Hi All, I'm new so sorry if I am not so good with the abbreviations, I'll do my best.

 

im divorced twice, two kids with each ex wive. I now have half custody, but i I paid half of my wealth to each spouse when divorcing, knowing my kids would benefit, but ultimately being threatening by lawyers that I will not see my kids. I end the relationships and I wasn't the best partner, but I tried my absolutely to be the best father and partner, however I did have a traumatic and dysfunction childhood and never knew what a healthy functional family dynamics looked like.

 

my second marriage involved my new wife being very codependent with me and getting upset if my kids at ages 2-4 would jump into our bed when they were over on a weekend and want my attention.

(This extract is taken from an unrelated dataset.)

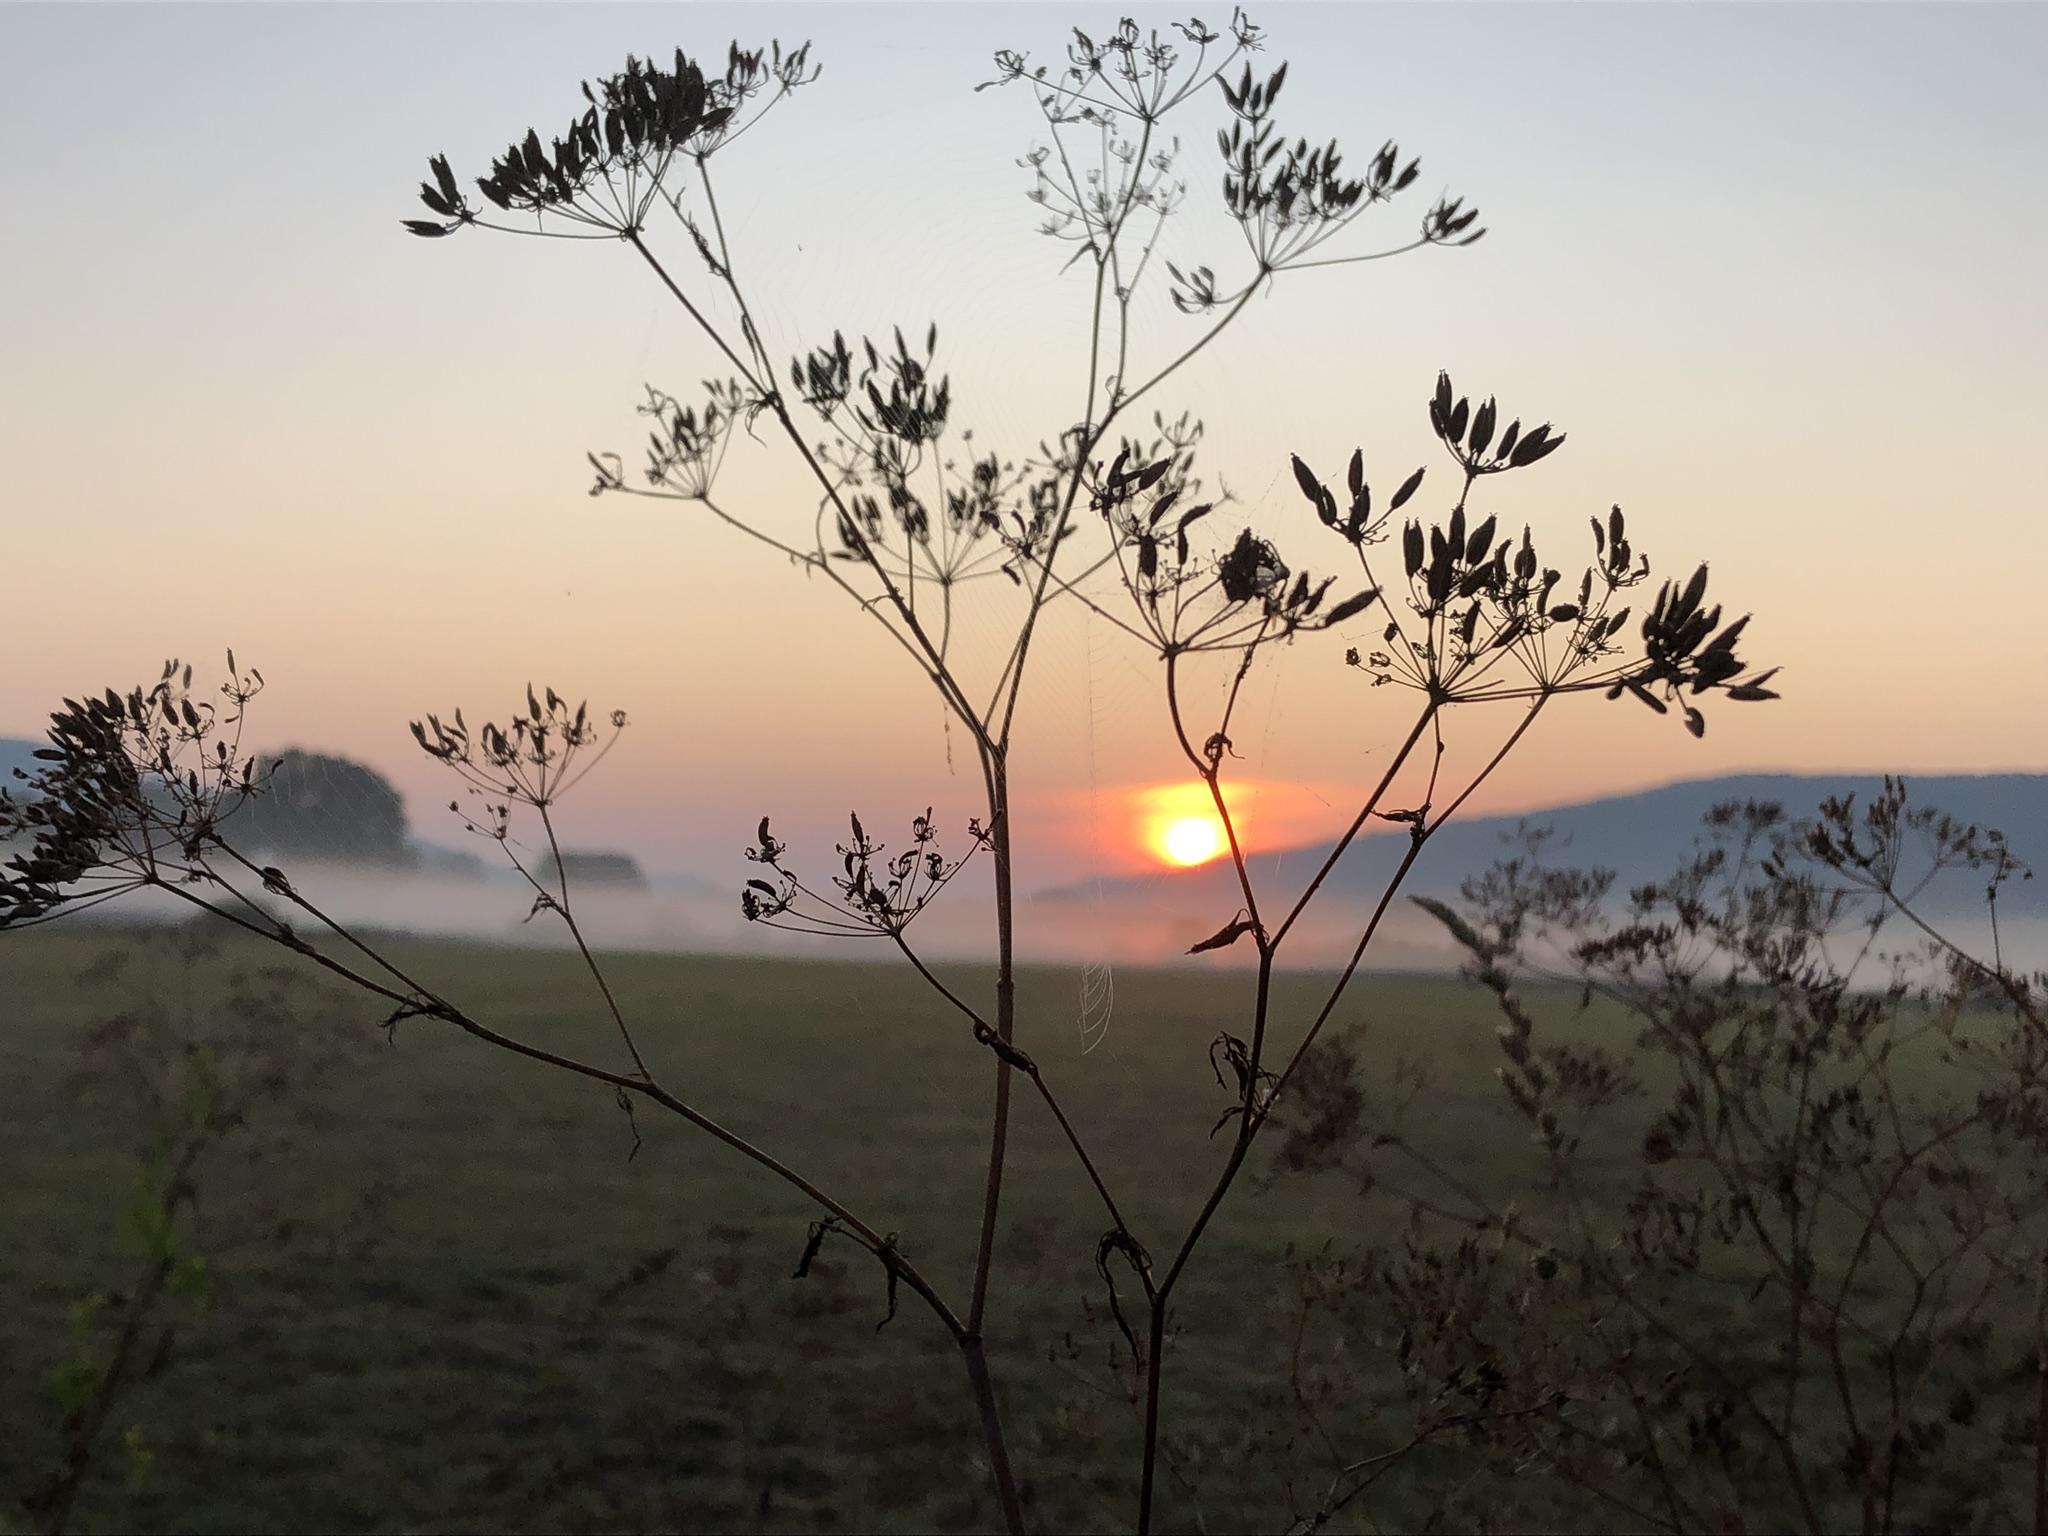 Sonnenaufgang in den Emmerwiesen

I felt upset about this but tried to find a balance and would take the kids away to spend time alone with them. They developed overtime  deep resentment for their SM, who also began over the 12th at marriage to resent them and appear jealous when I would create one on one time. She couldn't understand that back then I was only see the children 2nights 3days a week and that I needed to really be present and focus on their needs when I saw them.

 

my ex wife (1st wife) hated my new partner and felt it was her fault that our marriage ended even though she now knows I ended it well before meeting 2nd wife. 
 

As a result I was treated very badly and felt a sense of guilt for leaving and signed an agreement that would support her financially until the kids were 18years of age. (Boy and girl currently 17/15). This along with pay all school fees and insurance and extra curricular you name it, pushed me to the financial edge. Supporting now two house holds and all kids expenses but only seeing them 2nights a week.

 

my 2nd wife would resent the kids because of what their mum would say and I felt miserable in the middle and unable to fully embrace my children without feeling guilty.

 

Fast forward I had two more beautiful kids and I was expected to treat them like you would expect but my older children could see how much they were missing out on and I felt awful and would begin overcompensating with material things etc. think Disneyland dad.

 

my 2nd wife would speak badly about me to all my children in the end and would get violent and I began to withdraw and dreamt of leaving.

 

3years ago , one week before the words longest lock down in Melbourne Australia I moved out with the heaviest of hearts as the situation was toxic.

 

today I have a new finance and I'm making sure I get everything out in the open up front and so far amazingly good in comparison.

my fiance the step mother is much younger and hasn't had kids and we are going camping with the kids for the first time. I suggested the two young ones 8 and 10 should sleep with us in the 4man tent.

 

she said that wasn't the deal and doesn't want to come if they are sleeping in the same tent.

 

I got triggered from the past immediately and have stayed up all night not knowing what to do and if this is a red flag or me overreacting.

 

she loved her dog that recently died like a human child and I acted as loving step dad for several years and I find it so hard to hear her say she would rather not come then share a tent for one night with me and my kids.

 

sorry for the context at the beginning I appreciate it's a rant but I'm trying so hard to create a functional family and relationship and this knocked me for six.

Rags's picture

I hope that  you find this to be a good place to vent, contribute, and pick up some useful perspective from others who are living the blended family dream.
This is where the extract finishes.